--- DATA PROVIDED ---
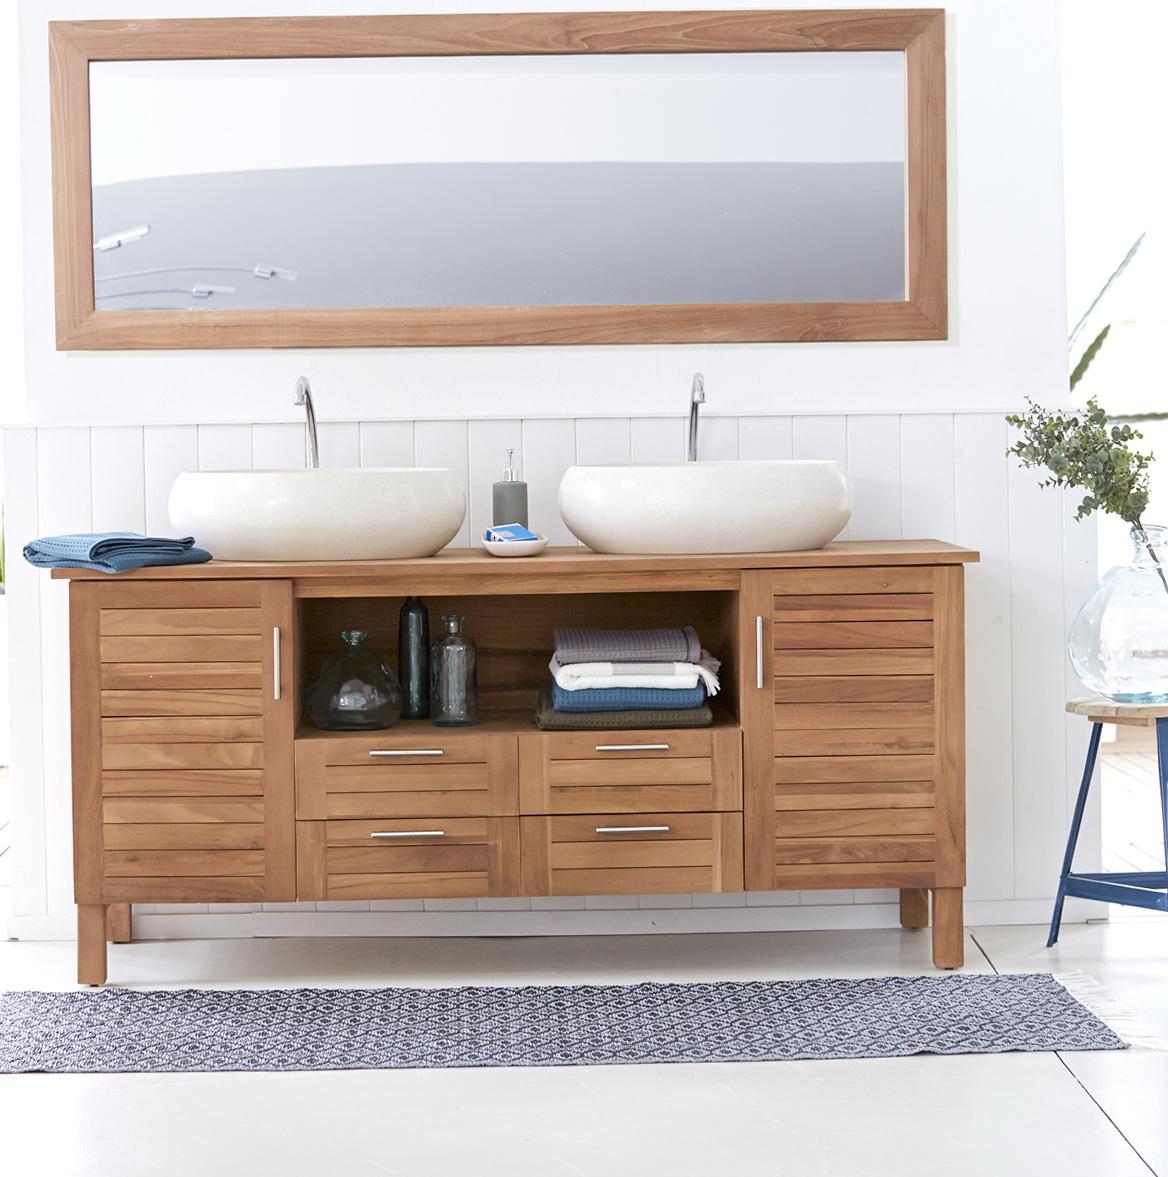 Teak Bathroom Vanity Uk
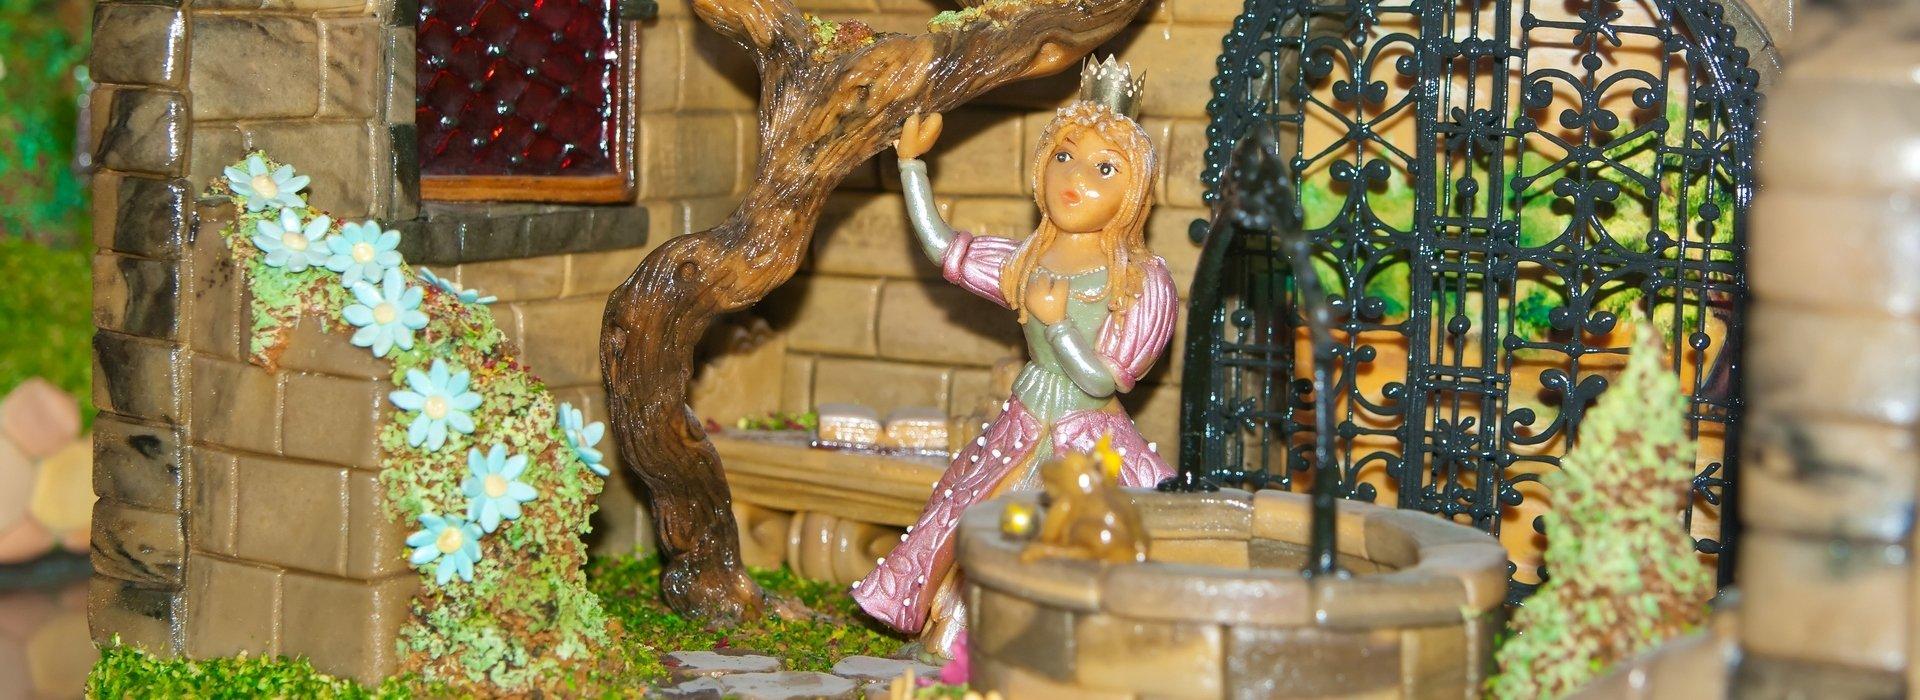 Szentendre Culture – Cultural life of Szentendre
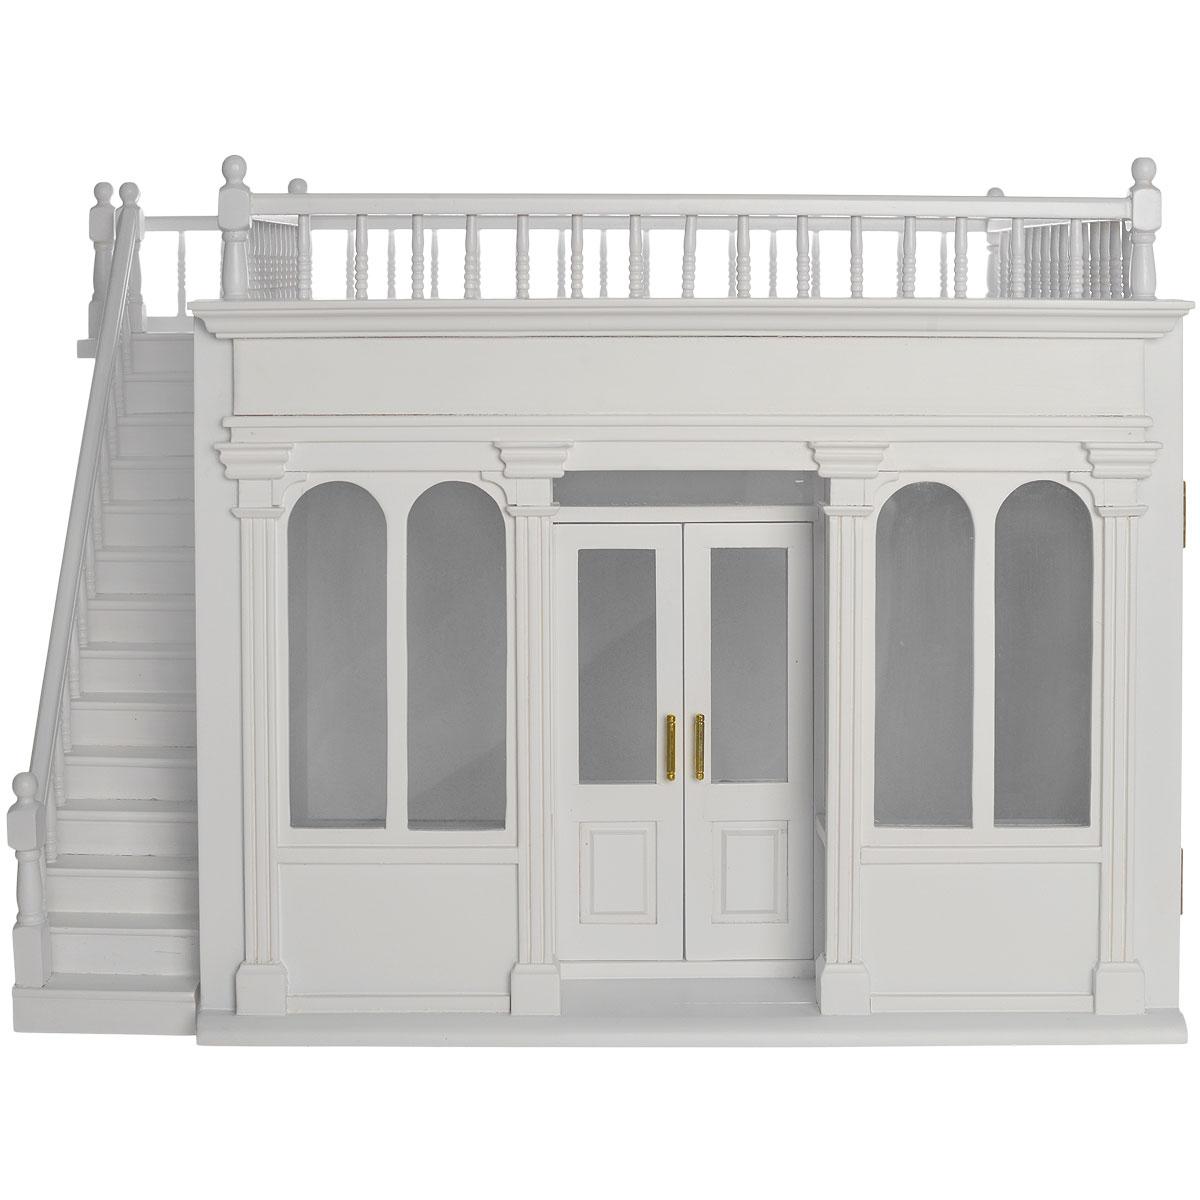 Миниатюра кукольная Art of Mini Румбокс Модерн, цвет: белый, 49 см х 37 см х 13 смAM0103001Миниатюра кукольная Art of Mini Румбокс Модерн изготовлена из дерева светлого цвета масштабе 1:12. Румбокс - это небольшая витрина, представляющая собой миниатюрную комнату или ее часть. Миниатюра выполнена в виде комнаты с балконом. Окна застеклены, а двери могут открываться. Кукольная миниатюра представляет собой целый мир с собственной модой, историей и законами. В нашей стране кукольная и историческая миниатюра только набирает популярность, тогда как в других государствах уже сложились целые традиции по созданию миниатюр. Создание миниатюр сводится к правильному подбору всех элементов интерьера согласно сюжетному и историческому контексту. Очень часто наборы кукольных миниатюр передается от поколения к поколению. И порой такие коллекции - далеко не детская забава, а настоящее серьезное хобби для взрослых. Стильные, красивые маленькие вещички и аксессуары интересно расставлять по своим местам, создавая необычные исторические, фантазийные и классические инсталляции...

--- PROBLEM TO SOLVE ---
Transcribe the data exactly and leave no picture in the copy.

--- SOLUTION TO THE EXERCISE ---
 Teak Bathroom Vanity Uk
 Szentendre Culture – Cultural life of Szentendre
 Миниатюра кукольная Art of Mini Румбокс Модерн, цвет: белый, 49 см х 37 см х 13 смAM0103001Миниатюра кукольная Art of Mini Румбокс Модерн изготовлена из дерева светлого цвета масштабе 1:12. Румбокс - это небольшая витрина, представляющая собой миниатюрную комнату или ее часть. Миниатюра выполнена в виде комнаты с балконом. Окна застеклены, а двери могут открываться. Кукольная миниатюра представляет собой целый мир с собственной модой, историей и законами. В нашей стране кукольная и историческая миниатюра только набирает популярность, тогда как в других государствах уже сложились целые традиции по созданию миниатюр. Создание миниатюр сводится к правильному подбору всех элементов интерьера согласно сюжетному и историческому контексту. Очень часто наборы кукольных миниатюр передается от поколения к поколению. И порой такие коллекции - далеко не детская забава, а настоящее серьезное хобби для взрослых. Стильные, красивые маленькие вещички и аксессуары интересно расставлять по своим местам, создавая необычные исторические, фантазийные и классические инсталляции...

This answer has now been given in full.